● YOUR ASSIGNMENT: Among the entries that follow, the required portion opens with the line containing "Tabella di fertilità" and closes with the line containing "Beard Laws Trucker Hat". Give that portion again exactly, and nothing else.

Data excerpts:
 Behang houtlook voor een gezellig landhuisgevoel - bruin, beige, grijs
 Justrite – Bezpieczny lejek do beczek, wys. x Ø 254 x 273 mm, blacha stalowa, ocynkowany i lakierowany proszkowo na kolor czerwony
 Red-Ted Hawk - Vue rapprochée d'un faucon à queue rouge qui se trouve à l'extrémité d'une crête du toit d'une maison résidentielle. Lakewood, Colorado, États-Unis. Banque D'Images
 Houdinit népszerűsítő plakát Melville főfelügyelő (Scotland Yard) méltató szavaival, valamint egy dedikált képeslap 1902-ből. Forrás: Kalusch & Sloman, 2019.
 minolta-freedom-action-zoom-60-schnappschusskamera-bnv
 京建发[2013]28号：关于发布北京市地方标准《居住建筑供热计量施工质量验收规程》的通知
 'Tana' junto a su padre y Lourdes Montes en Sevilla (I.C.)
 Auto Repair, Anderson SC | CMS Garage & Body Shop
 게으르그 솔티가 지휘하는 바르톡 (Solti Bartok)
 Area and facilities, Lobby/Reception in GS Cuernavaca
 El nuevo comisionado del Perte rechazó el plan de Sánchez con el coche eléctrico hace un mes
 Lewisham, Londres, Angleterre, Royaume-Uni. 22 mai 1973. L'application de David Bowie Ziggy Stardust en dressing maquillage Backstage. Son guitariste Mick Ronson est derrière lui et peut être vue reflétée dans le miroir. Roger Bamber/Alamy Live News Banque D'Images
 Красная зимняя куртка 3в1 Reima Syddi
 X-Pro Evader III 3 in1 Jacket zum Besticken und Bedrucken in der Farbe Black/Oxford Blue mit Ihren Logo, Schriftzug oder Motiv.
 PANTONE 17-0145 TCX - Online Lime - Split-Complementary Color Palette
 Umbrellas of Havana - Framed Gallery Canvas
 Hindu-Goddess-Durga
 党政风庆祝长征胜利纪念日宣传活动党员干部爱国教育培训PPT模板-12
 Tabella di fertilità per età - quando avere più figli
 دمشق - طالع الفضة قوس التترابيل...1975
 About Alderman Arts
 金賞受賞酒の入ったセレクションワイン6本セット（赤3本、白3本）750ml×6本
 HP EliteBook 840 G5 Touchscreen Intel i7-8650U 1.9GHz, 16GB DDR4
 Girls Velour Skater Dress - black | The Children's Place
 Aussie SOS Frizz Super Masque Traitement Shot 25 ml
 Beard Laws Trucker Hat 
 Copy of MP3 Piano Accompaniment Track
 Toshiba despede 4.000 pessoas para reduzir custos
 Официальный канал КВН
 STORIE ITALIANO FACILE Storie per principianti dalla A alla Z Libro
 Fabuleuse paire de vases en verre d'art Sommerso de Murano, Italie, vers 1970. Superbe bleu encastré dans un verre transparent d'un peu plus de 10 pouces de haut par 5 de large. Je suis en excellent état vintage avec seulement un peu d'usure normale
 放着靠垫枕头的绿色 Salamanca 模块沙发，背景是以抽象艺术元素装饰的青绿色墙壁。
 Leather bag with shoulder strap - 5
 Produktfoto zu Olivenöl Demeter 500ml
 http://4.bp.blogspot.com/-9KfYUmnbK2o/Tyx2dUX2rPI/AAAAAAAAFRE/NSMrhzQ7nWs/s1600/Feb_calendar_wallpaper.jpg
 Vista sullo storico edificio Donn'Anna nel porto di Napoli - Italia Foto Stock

● RESPONSE FOR THIS EXERCISE:
 Tabella di fertilità per età - quando avere più figli
 دمشق - طالع الفضة قوس التترابيل...1975
 About Alderman Arts
 金賞受賞酒の入ったセレクションワイン6本セット（赤3本、白3本）750ml×6本
 HP EliteBook 840 G5 Touchscreen Intel i7-8650U 1.9GHz, 16GB DDR4
 Girls Velour Skater Dress - black | The Children's Place
 Aussie SOS Frizz Super Masque Traitement Shot 25 ml
 Beard Laws Trucker Hat 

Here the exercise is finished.